Indirect Cost

Some sponsors request that indirect costs do not exceed a percentage of total project costs. In these instances, the percentage rate of indirect on total project costs will be lower than the standard method method of calculating percentage of indirect costs on total direct costs. To calculate indirect costs on total project costs, use this formula:

Calculation: Direct costs/(1 –allowed indirect rate) = Total Costs
Total costs - Direct costs = Indirect costs


A sponsor limits Indirect Costs (IC) to 22% of total costs

Assume direct costs (DC) - tuition charge (TC) - equipment costs (E) - dollars over $25K on each subcontract (SubK) = $150,000 (Modified Total Direct Costs - MTDC)

$150,000/ (1-.22) = $150,000/.78 = $192,307 Total costs

$192,307 - $150,000 = $42,307 Indirect costs

Indirect rate = $42,307 IC/$150,000 DC = 28.21% on total direct costs (remember to add TC, equipment costs and dollars over $25K for each subcontract back into total costs after determining indirect costs).

Once the percentage of indirect costs on total direct costs is determined, you can use this rate to apply it as a regular indirect rate on modified total direct costs.
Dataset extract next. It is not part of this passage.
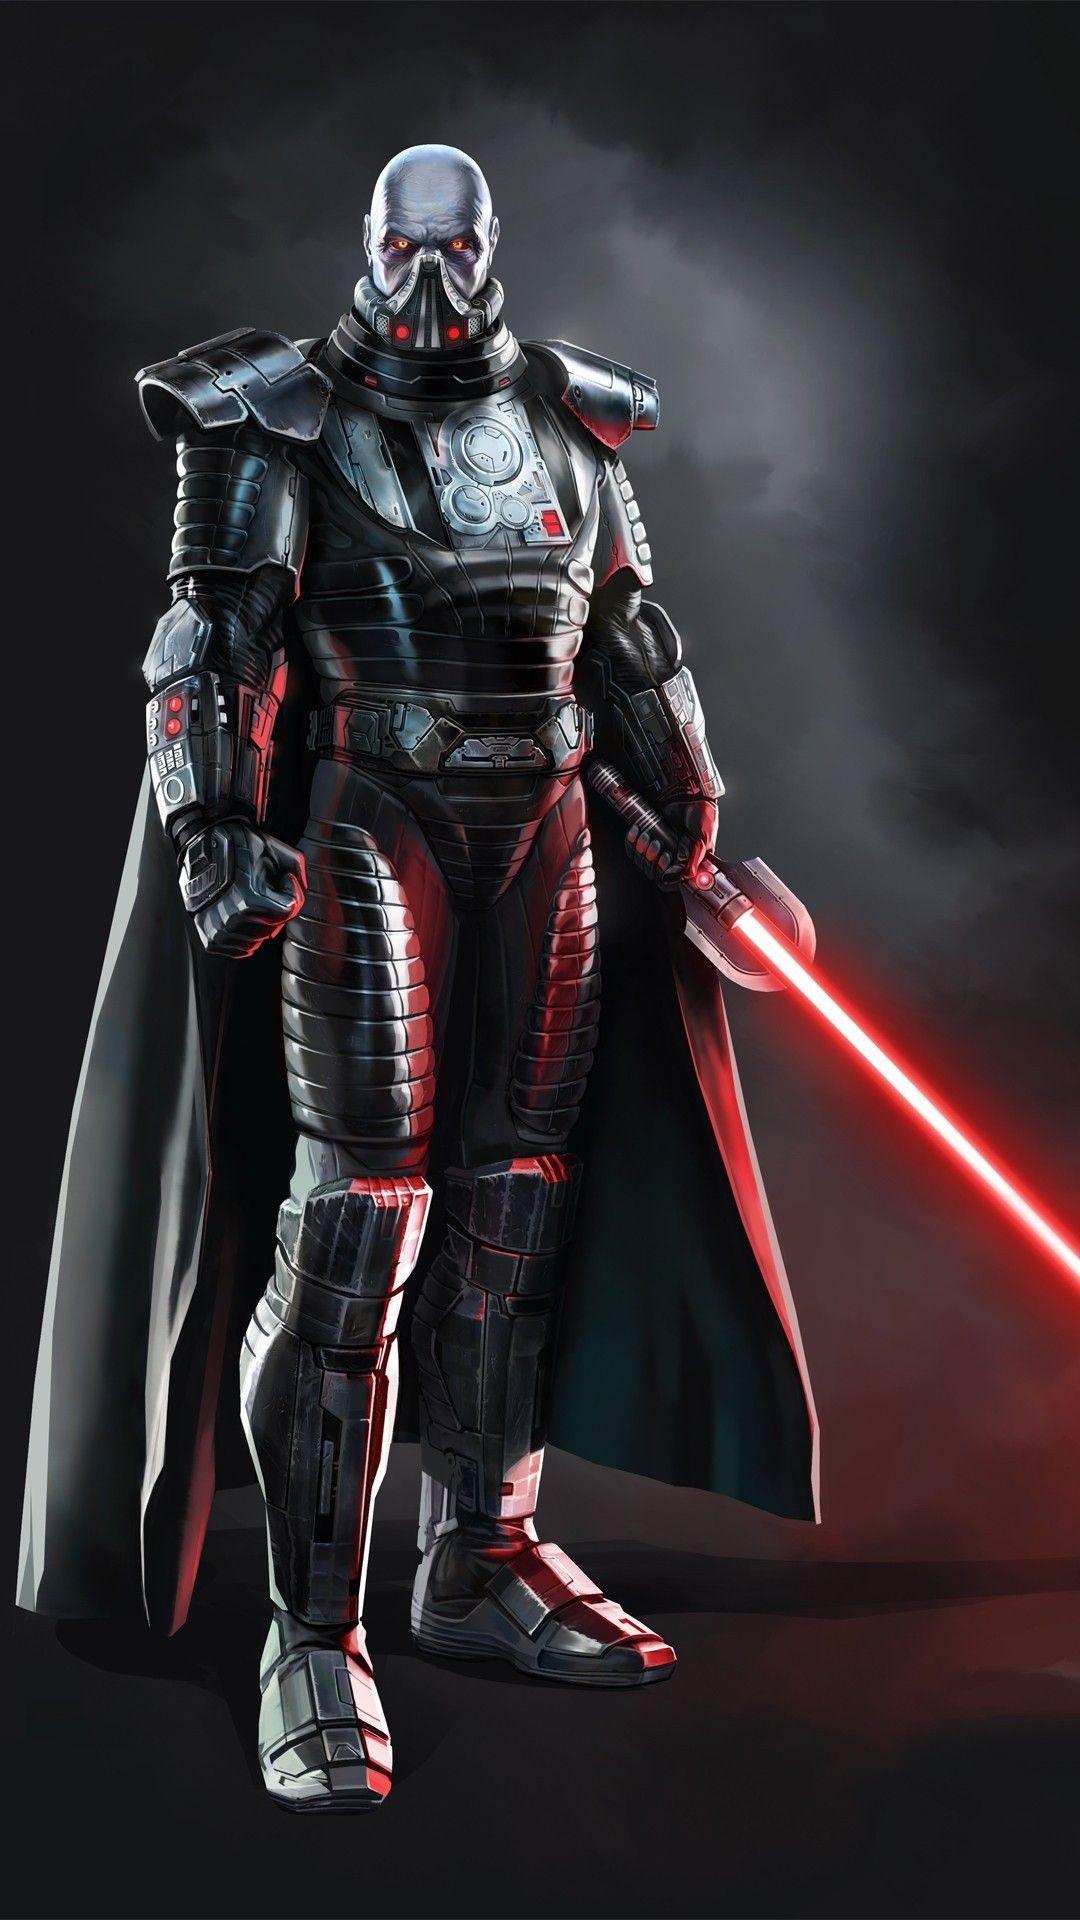 https://wallpapercave.com/wp/x9fgVcn.jpg Darth Malgus Vs Darth Vader
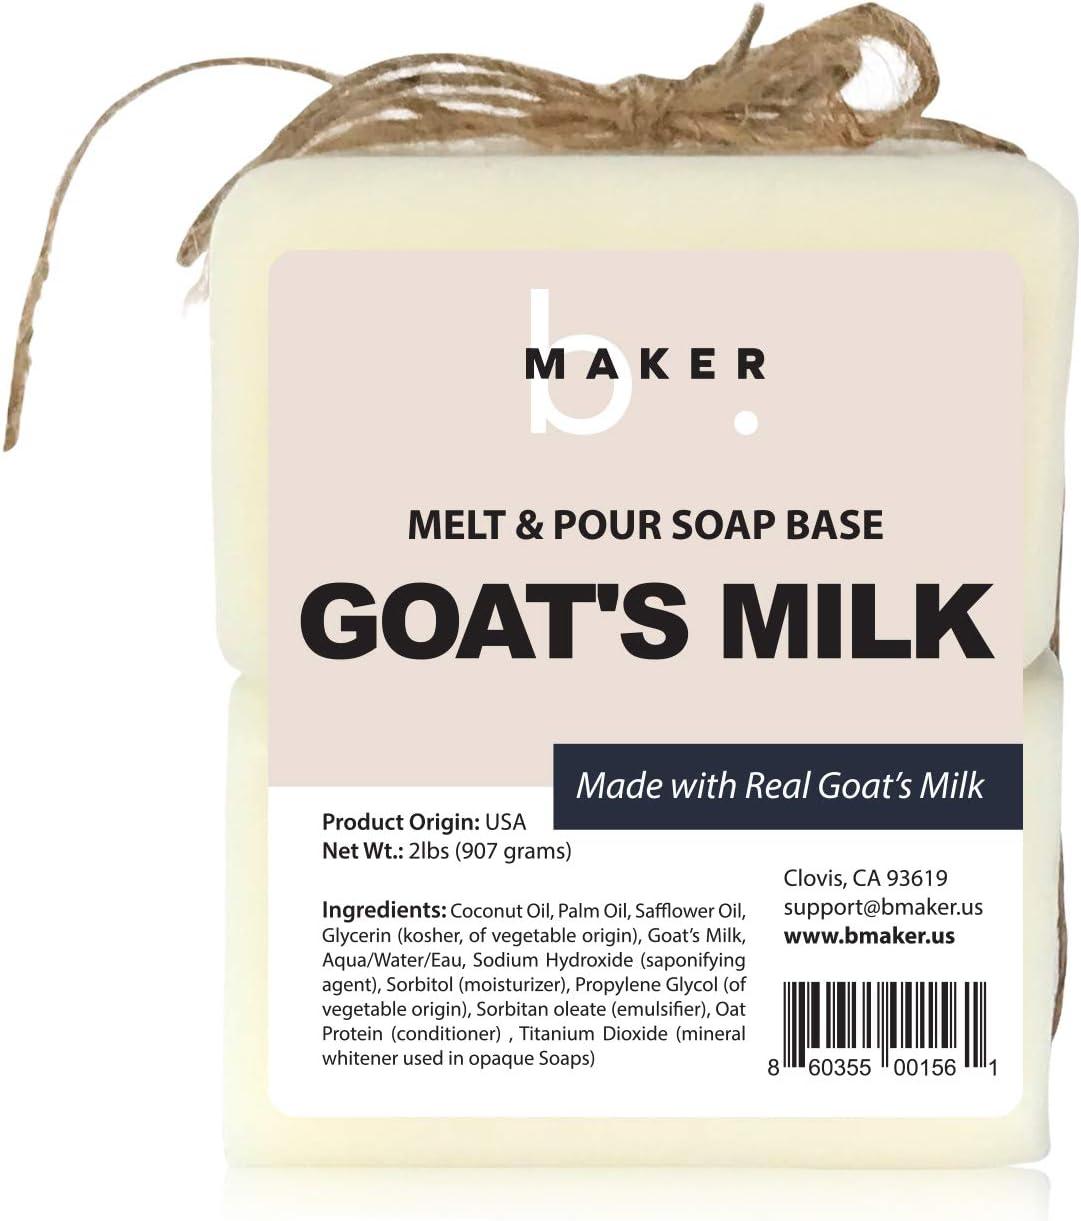 bMAKER All-Natural Goats Milk Melt and Pour Soap Base (2lb Blocks) - Moisturizing and Nourishing for Skin, Soap Making Supplies, Goat Milk Soap, Soap Base for Soap Making Melt and Pour

  1. Figure out Direct Costs (DC), and subtract tuition charge (TC) - equipment costs (E) - dollars over $25K on each subcontract (SubK) = $150,000 (MTDC)
  2. (DC-TC-E-SubK) x .2821= Indirect costs
  3. (DC- TC-E-SubK) + Indirect = Subtotal
  4. Take subtotal and add back in TC, E & SubK = Total costs



Sponsored Research means all research and development activities that are sponsored by federal and non-federal agencies and organizations. This term includes activities involving the training of individuals in research techniques where such activities utilize the same facilities as other research and development activities and where such activities are not included in the instruction function.

Research seeks fuller knowledge of a subject and involves investigation aimed at the discovery of new facts or revision of accepted theories. Research projects may include laboratory work, testing and evaluation, questionnaires, pre- and post-tests, and statistical analysis.


Sponsored Instruction means the teaching and training activities of an institution established by grant, contract, or cooperative agreement. These activities may be offered for credits toward a degree or certificate or on a non-credit basis, and may be offered through regular academic departments or through separate divisions, such as summer school or extension. (Research training is not included; it is included under Research above.)

Instruction is used when the primary purpose of the project involves training, curriculum development, instruction, demonstration, or efforts to improve pedagogical methods.  Instructional projects may include some elements of research, particularly if new techniques of instruction or curriculum content are being developed.


  • Any project for which the purpose is to instruct any student at any location; recipients of this instruction may be UMass students or staff, teachers or students in elementary or secondary schools, or the general public
  • Curriculum development projects at any level, including projects which involve evaluation of curriculum or teaching methods; such evaluation may be considered “research” only when the preponderance of activity is data collection, evaluation and reporting
  • Projects which involved UMass students in community service activities for which they are receiving academic credit.
  • Activities funded by awards to departments or schools for the support of students
  • Dissertation work funded by grants, including grants for travel in relation to a dissertation
  • Programs bringing local students on campus for classes
  • General support for the writing of textbooks or reference books, video or software to be used as instructional materials.


Other Sponsored Activities

Other Sponsored Activities are programs and projects sponsored by federal and non-federal agencies which involve the performance of work other than instruction and organized research.

Examples include health service projects, community service programs, non-credit community education, and conferences.